What Henry accomplished in the Pemigewasset, in terms of logging efficiency, was the model for its day. Using as many as six to eight locomotives at a time, his trains hauled an average of three- to three-and-one-half-thousand board feet of lumber each run. The tracks themselves, running on well-graded beds and over sturdy trestles were a vast improvement over the Zealand lines; proof of the soundness of the lines and the logging roads can be found today in the remaining roads and lines which serve as hiking paths.
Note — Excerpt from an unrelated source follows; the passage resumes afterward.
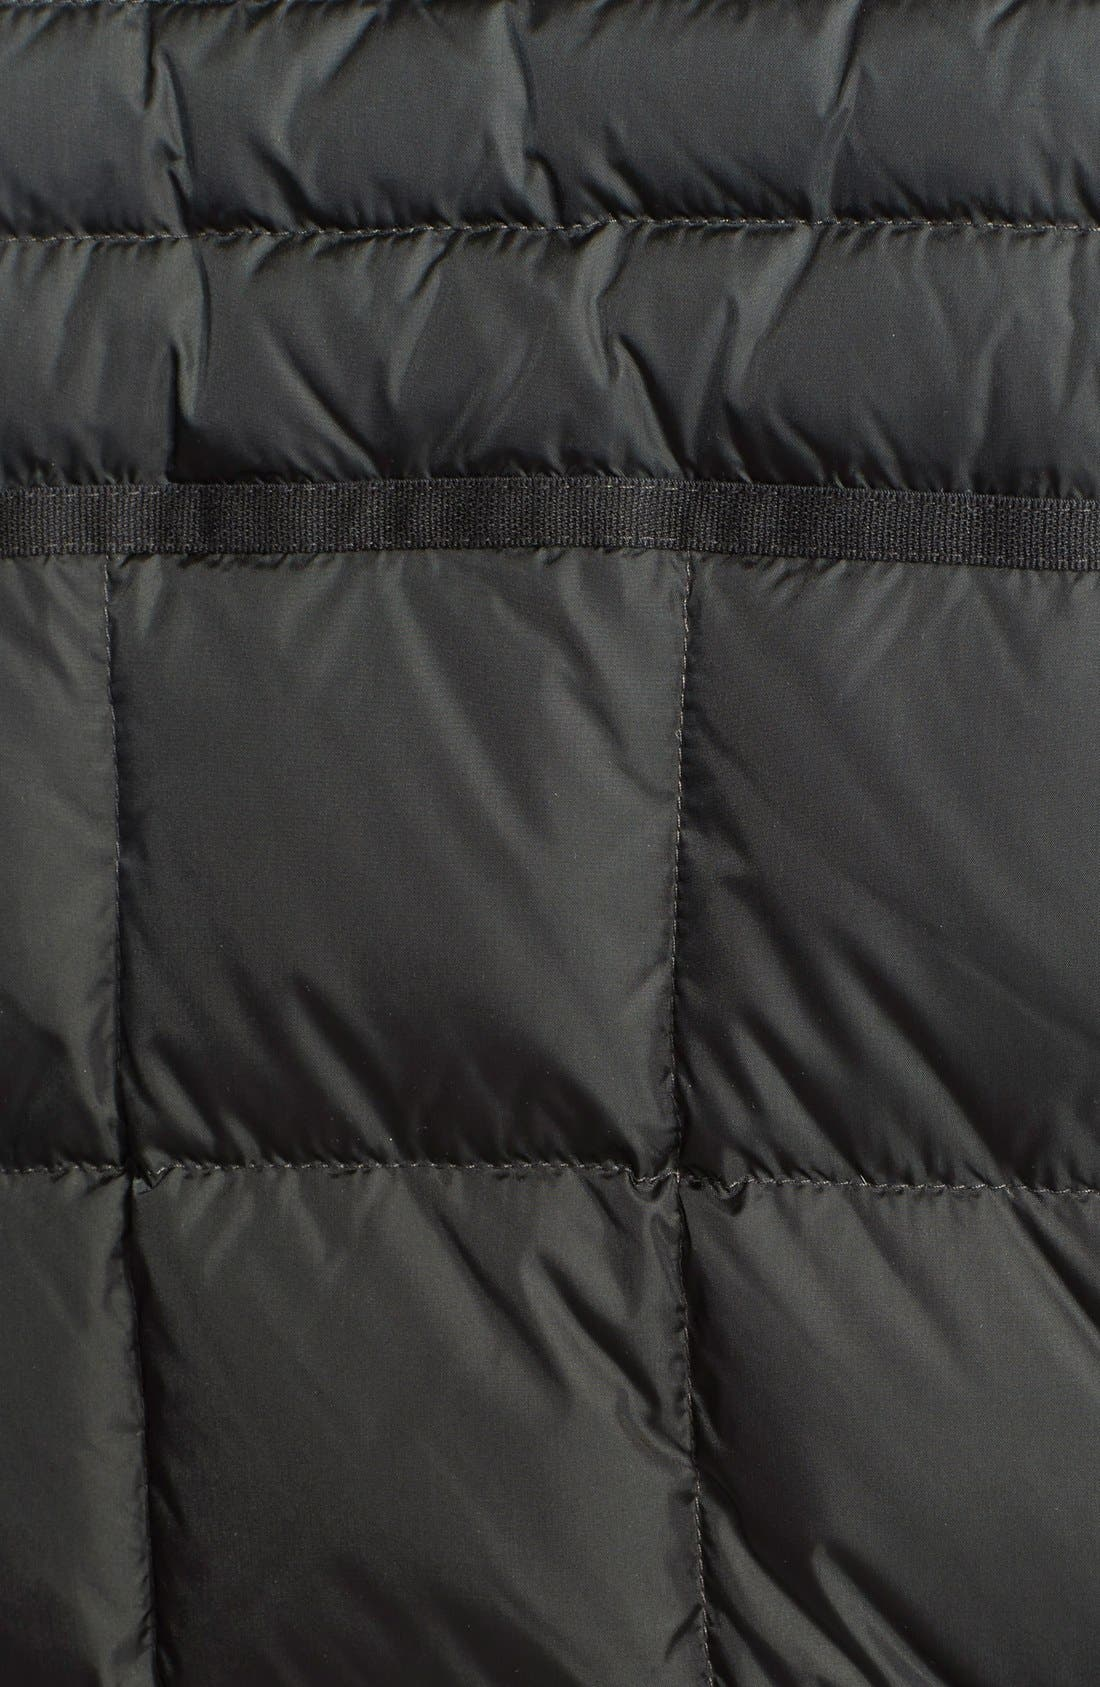 'Blais' Mixed Media Down Jacket,                             Alternate thumbnail 3, color,                             301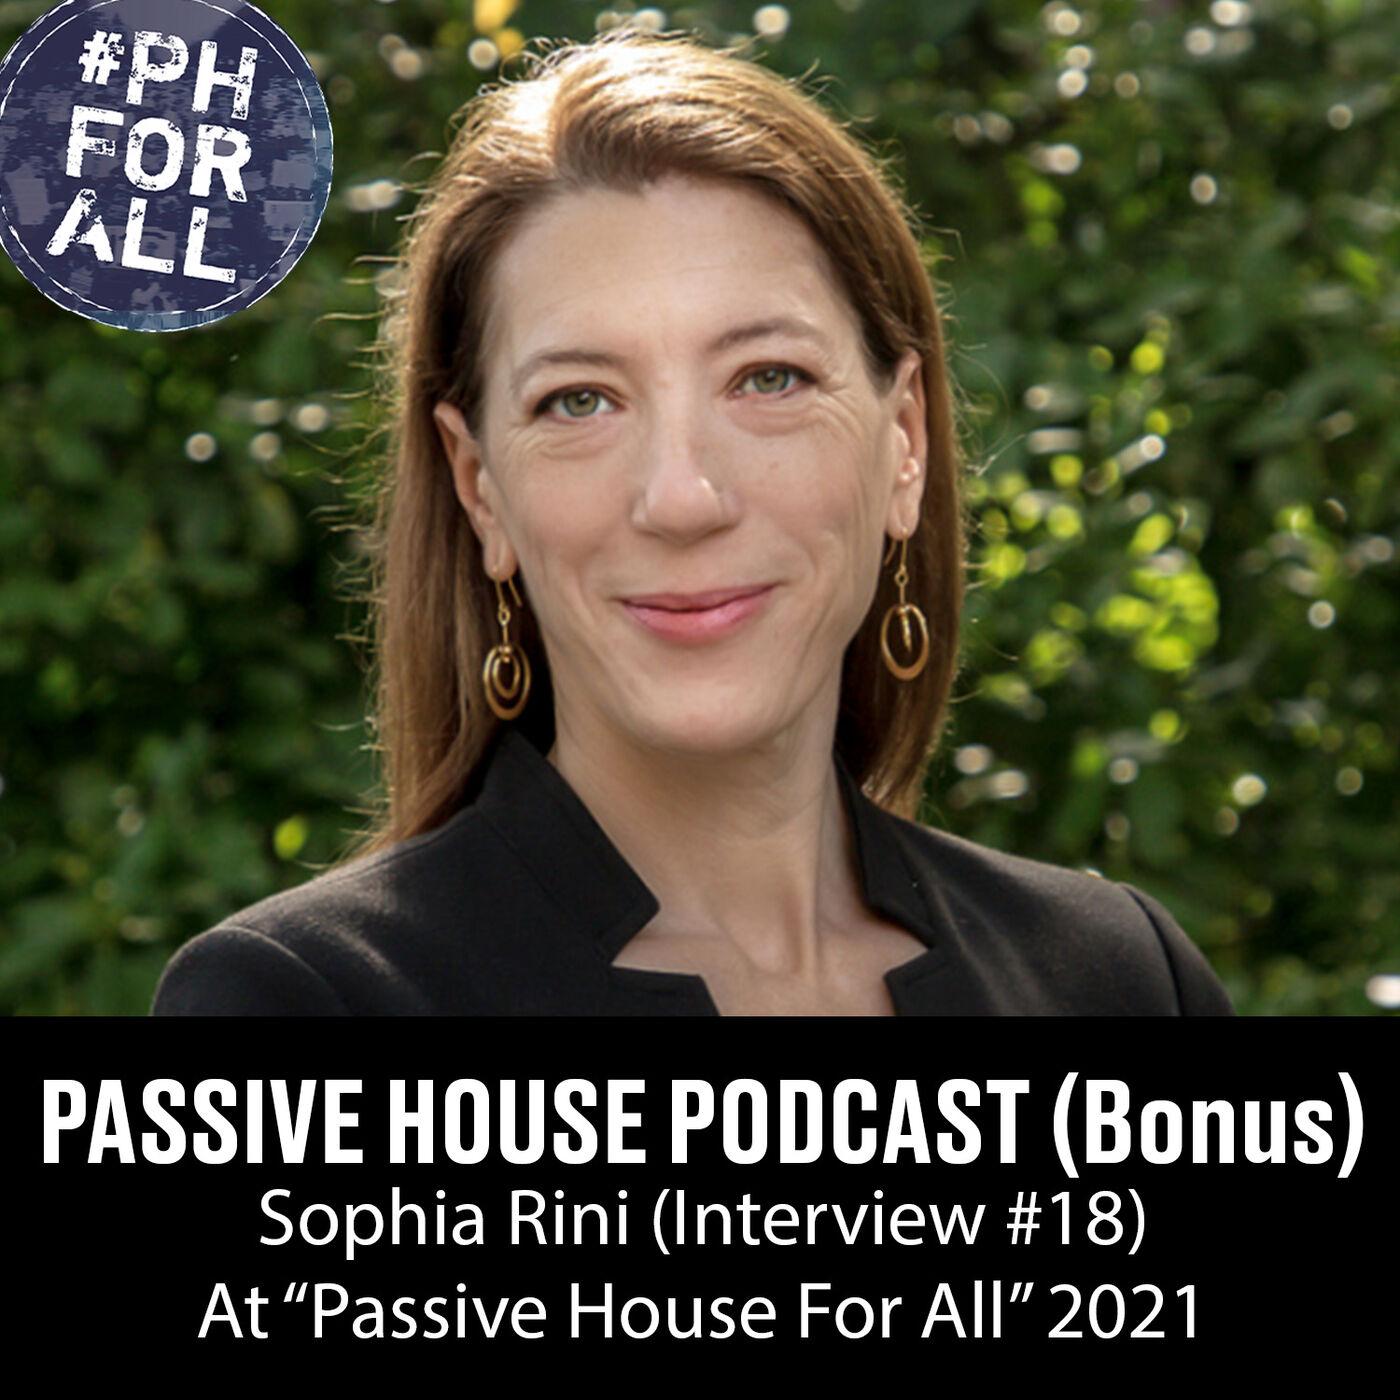 Bonus: Sophia Rini at Passive House For All Conference (Interview #18)

Attached as he was to hard work and the strenuous life, Henry finally decided to retire from active participation in the company in 1908. His property, valued at an estimated $10,000,000, he willed to his three sons, and for the next four years until his death in 1912, he lived quietly in the palatial home he had constructed in the center of Lincoln. Retirement for any 80-year-old is not considered, but in Henry's case, it may have been speeded by two devastating fires in the summer of 1907 which swept across the Pemigewasset and burned parts of Lincoln. In addition, the increasingly vehement attacks on Henry criticizing his logging techniques did little to cheer his outlook. No one, not even a crusty, thick-skinned man like Henry, usually enjoys being labeled as a person who brought about an "abomination of desolation." Then again, Henry might have thrived on this.
Today, Henry is remembered more for his overpowering work ethic and his devastatingly efficient timber operations. Few know that he contributed thousands of dollars to the Morgan Memorial of Boston, Goodwill Industries of America - and judging by Henry's character - he probably prefers it that way. After all, he believed in work, and in the work of logging, above all else. As one of his workers recalled, nothing in Henry's life was more important. "One winter I slipped off an icy ledge and struck down into a tree below. It bruised me some but I got up and by working my compass got down to Lincoln just after dark. The lighted mills were still going full-blast. When I went into the office, still kind of bloody from my fall, J.E. gave me a sour look. "Quit kind of early, didn't you?" he said.